Innkeeping 105 ~ How Much Should You Pay For Your Inn?

You might think I skipped right over the session on selecting a location and the session on selecting the right inn.

Wrong! The elements that go into determining how much to pay are many and varied and your selection of a location or a specific inn will determine the relative importance of each of these elements. I believe you should be armed with a knowledge of these elements before venturing out to select a location or a specific property.

Some of these elements that factor into the right price include, but are not limited to the following:

  • Revenue
  • Expenses
  • Cash Flow
  • Condition of the Property
  • Location
  • Property value in an alternative use
  • Interest Rates
  • Supply vs. Demand

All of these elements can be summed up in one term, "Total Return."

Total return determines why a property in Bismarck, North Dakota may sell for 3 times annual revenue, while a very similar property on the coast of Southern California may sell for 10 times annual revenue.

Using this same example, with the cost of living lower in ND, that same property's total operating expenses may run 40-45% of revenue. This would leave cash flow at 55-60% of revenues. Doing the math, this property is selling at a multiple of approximately 5 times cash flow.

With a much higher cost of living in Southern California this property has a higher operating expense percentage at 60%. Again, I'll do the math...it turns out this property is selling at a multiple of 25 times cash flow.

It would appear that the Bismarck property is far more attractive. At 5 times cash flow the ND property will pay for itself in just 5 years, while the Southern California property would take a full 25 years to earn back the price of the property.

Simple, isn't it? I'm sorry to disappoint you but, it is nowhere near that simple.

The above analysis only deals with the elements of revenue, expenses and the resulting cash flow. We didn't even adjust the cash flow for expected room rate increases or expense increases. If rates in ND are projected to increase by no more than 1% per year for the forseeable future, and the CA property can expect increases ranging between 8-10% per year, then the picture changes dramatically.

Factor into those adjusted revenues the expected changes in expenses for each market then you will be able to calculate the Projected Annual Operating Cash Flow.

Now what are you going to do with all that cash flow you have projected? You better pay back the money you borrowed from the bank and maybe, more to the point, you will have to pay them interest as well.

So your $100,000 in projected annual operating cash flow is going to be used to pay the 4% interest and a portion of the principal on your loan. If that principal and interest totals $60,000 that would leave you with cash after debt service of $40,000. What if interest rates weren't 4% but rather they are 8%? Now your bank payment just got projected at $100,000. Oops! If all other factors were exactly the same, would you still have been willing to pay the same price for the inn?

Let's step back to comparing our ND inn at 5 times cash flow and our CA inn at 25 times cash flow. Now consider that the ND real estate values can expect to increase/decrease from between -2% to +1% per year for the forseeable future. The CA real estate market is hot and values are expected to continue increasing 8% to 12% per year. This is what real estate agents jokingly refer to as the three most important principals of real estate; location, location, location. Would you be willing to forego some annual cash flow for a dramatically larger pay day in the future? Are you beginning to see the concept of Total Return and its importance?

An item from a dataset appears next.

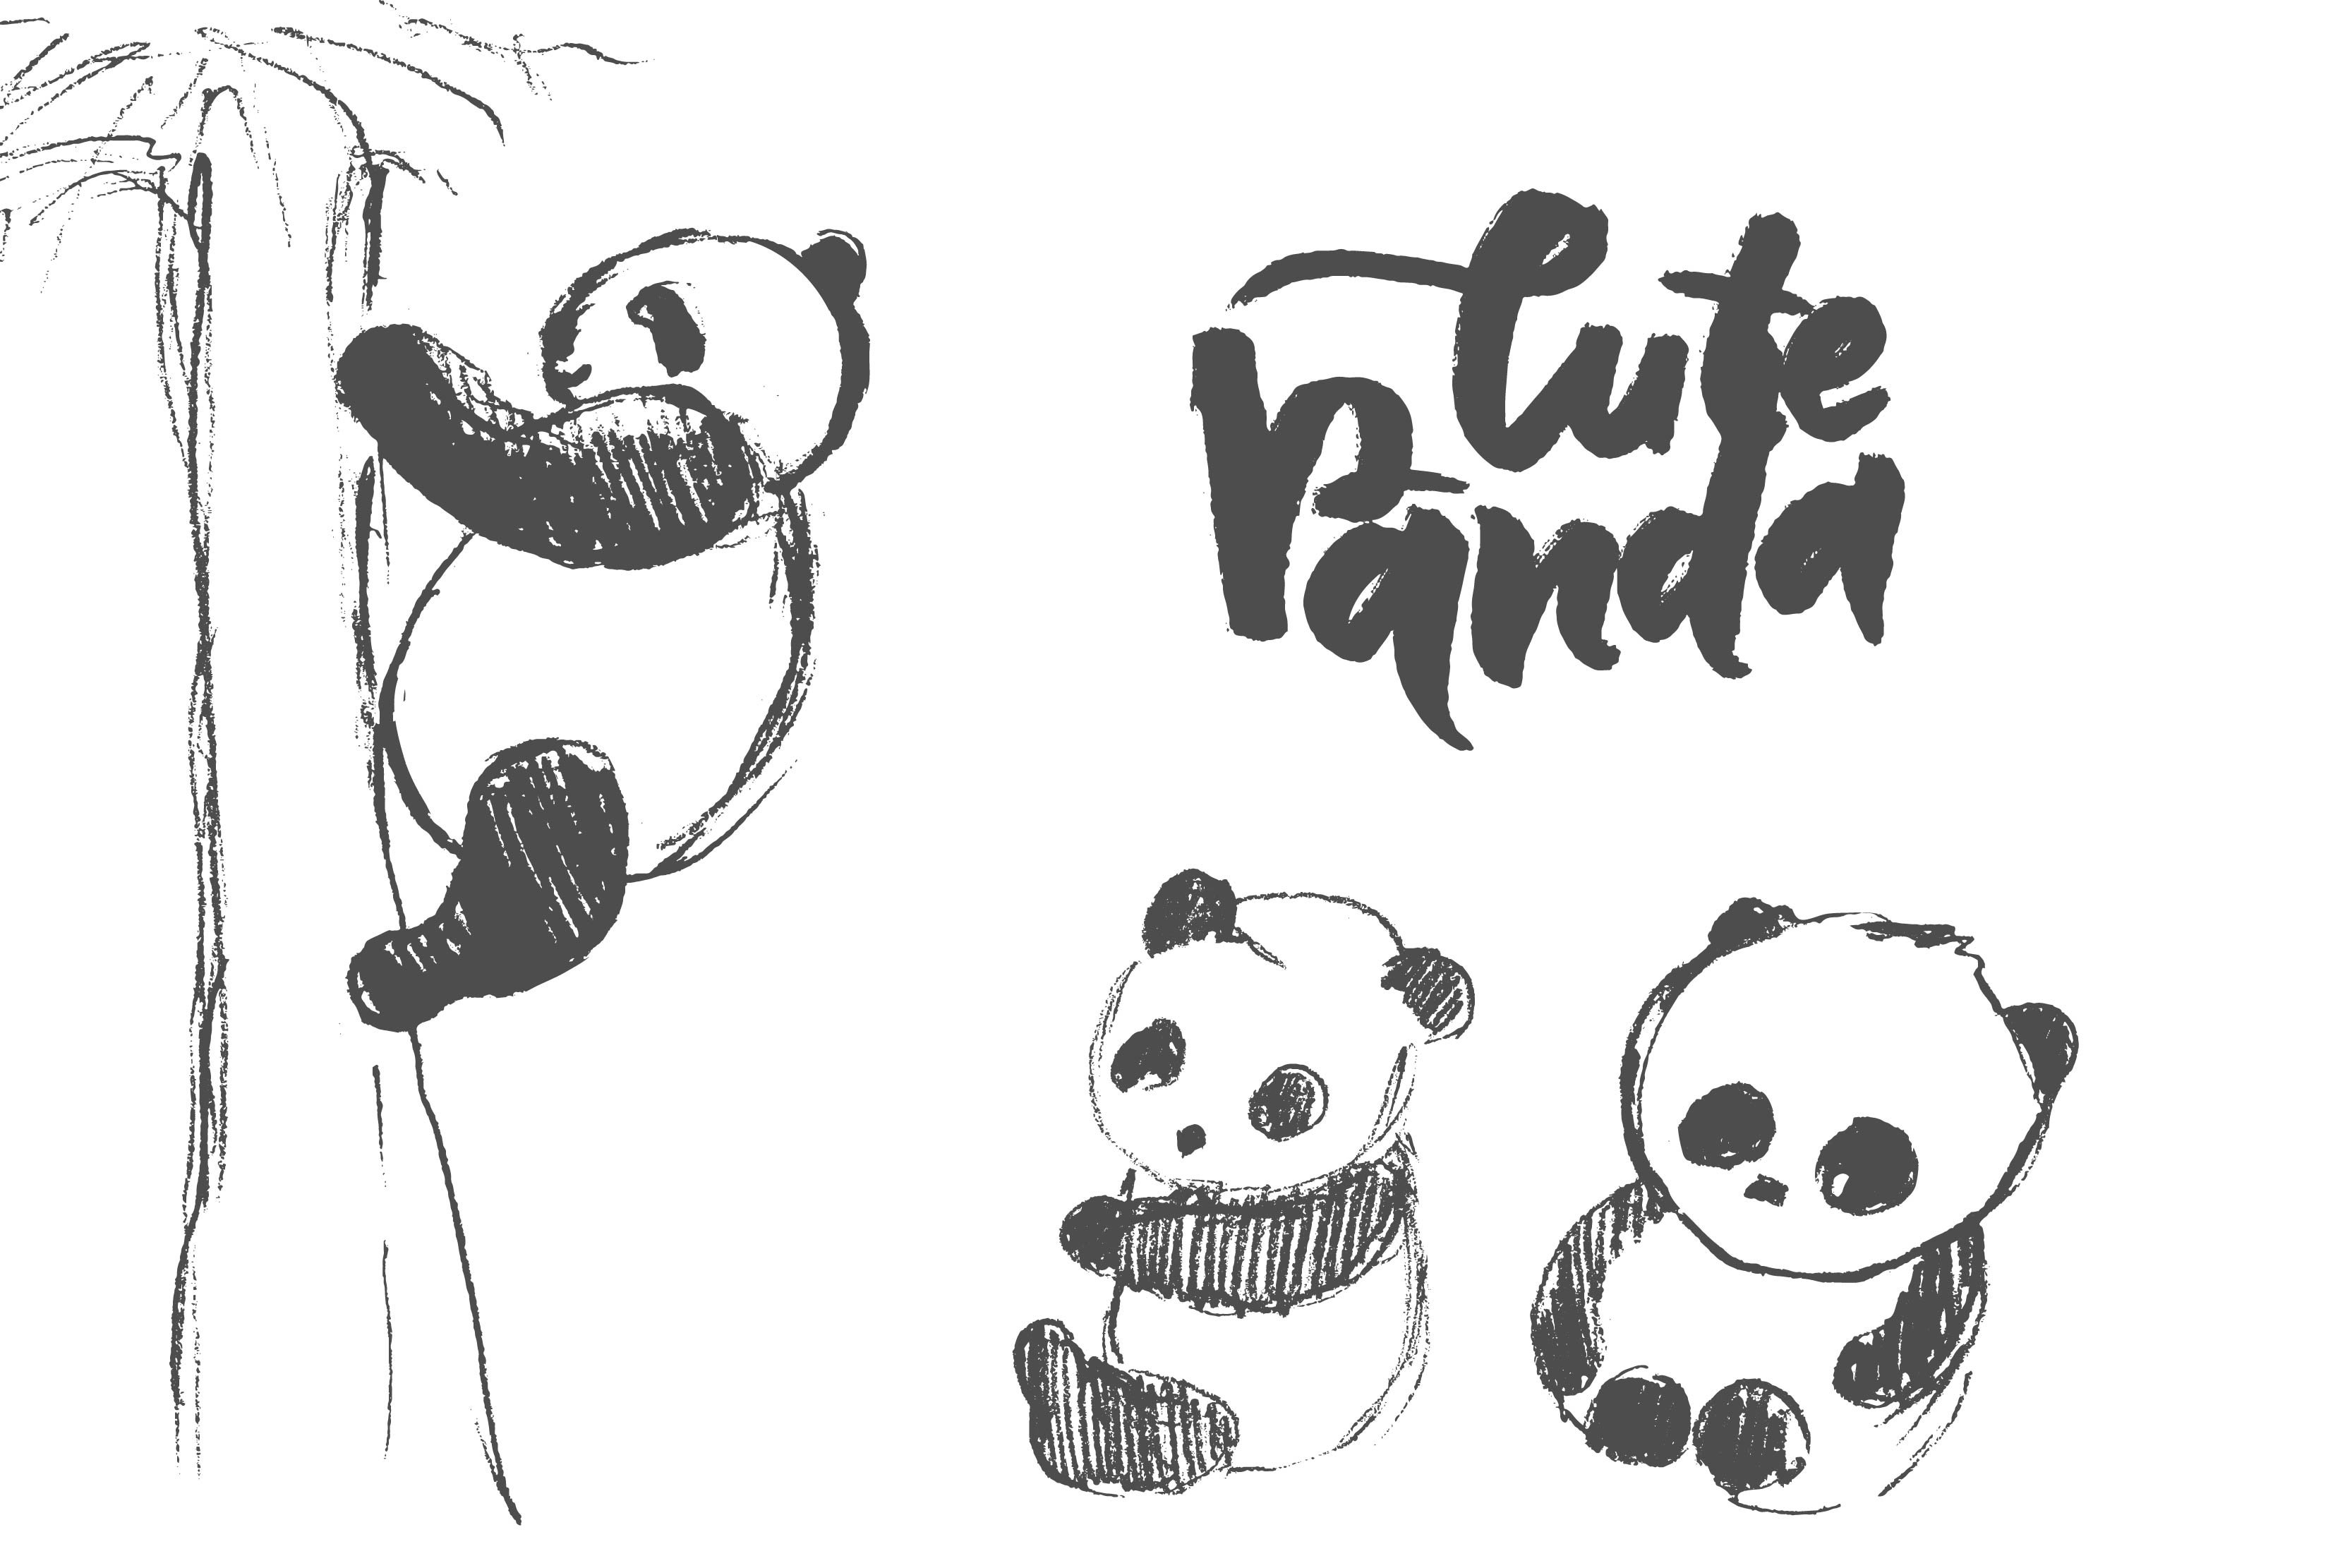 Cute pandas preview image.

You should hopefully see why the discussion of which particular inn you select should come after determining how you should value that inn. I haven't even mentioned many of the elements listed above although they all (and others) factor into the equation. If you have other considerations that aren't mentioned here, feel free to post a comment.

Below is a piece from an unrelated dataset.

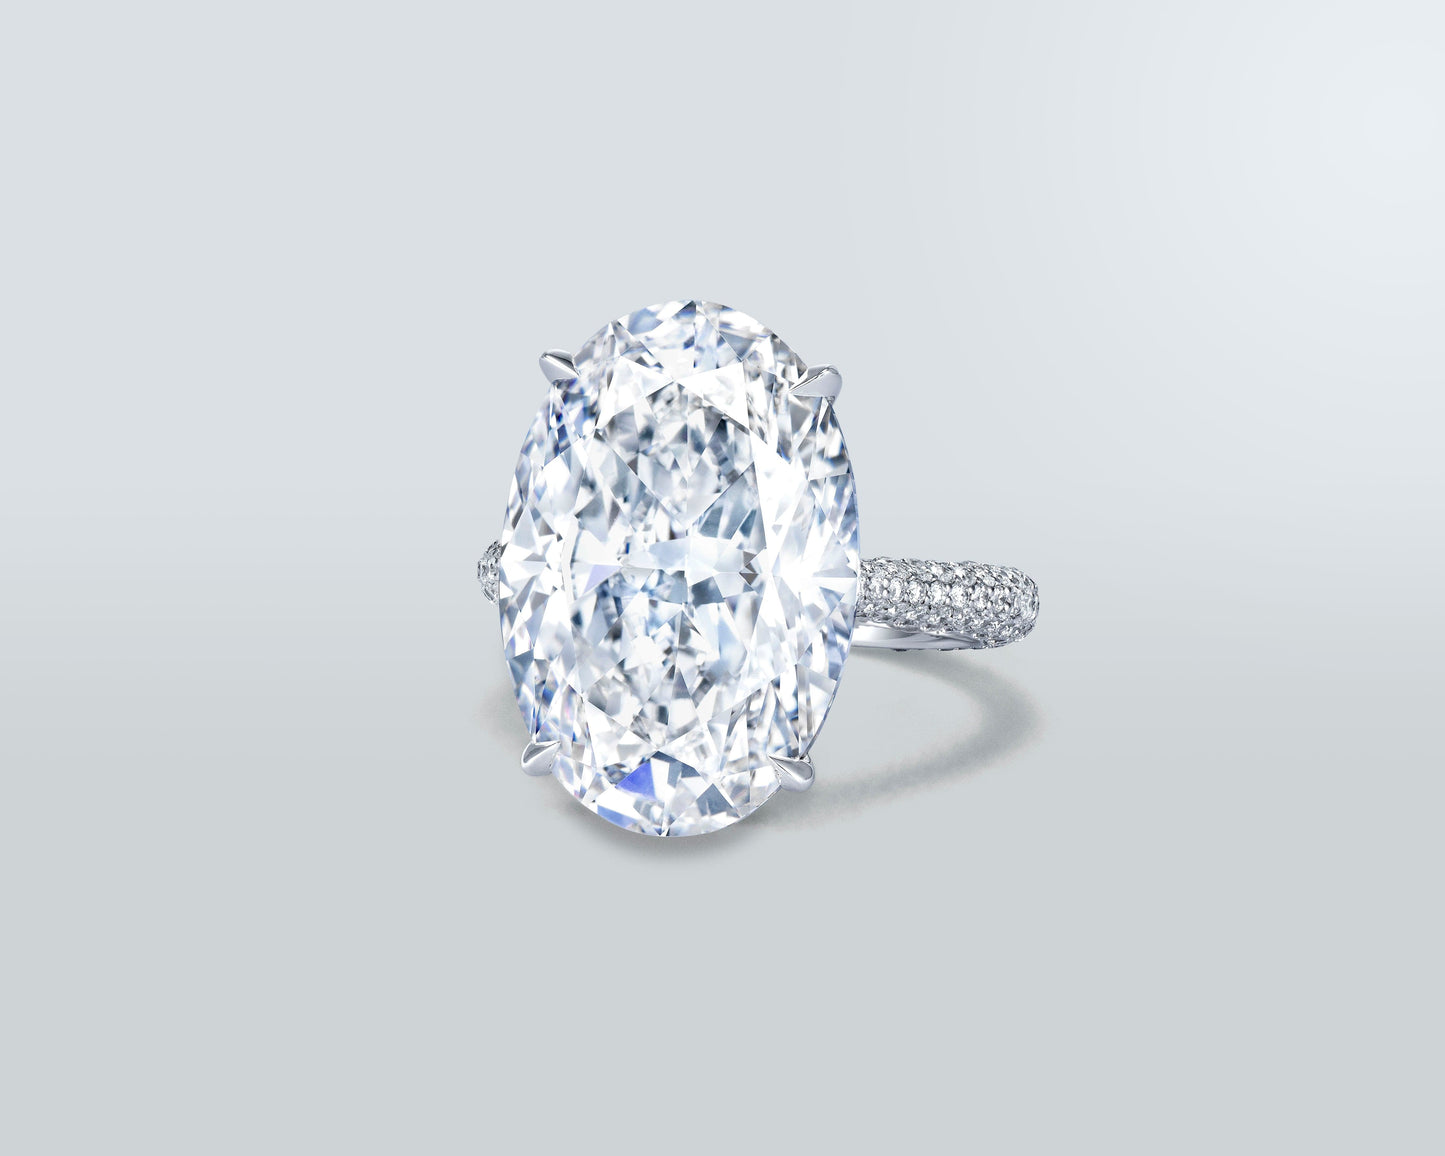 13.29 carat Oval Shape Diamond Ring

Now it's time to mend fences. You folks from North Dakota, don't take offense. I used your great State as an example because it's always on my mind. I've spent lots of time in this beautiful state and have many wonderful memories of visits from Fargo to Medora. I've watched the Northern Lights dance across your sky and I've climbed on horseback up and down several of the buttes in Theodore Roosevelt National Park (the truth is, the horses did the climbing). It's one of the best places on earth.


Thank you for the great posts about innkeeping. My husband and I have always wanted to open a B&B and we find your insites very helpful.
Please keep them coming.
Cheryl T.

Dear George,

My partner, Rick Wolf, brought your Innkeeping 105 post to my attention. Kudos for calling it like it is. This is the kind of stuff that gets my heart pounding (well, sort of, but I try to make the subject fun and interesting when I address groups at PAII or elsewhere).

All of your points about Total Return are valid, and lots of folks don't realize that when they own an inn they can "make money" lots of different ways, not all of which are strictly cash flow related. Lots of folks also don't realize that the same inn, measured different ways, produces a different return on their investment. All are true but come at it from distinct angles.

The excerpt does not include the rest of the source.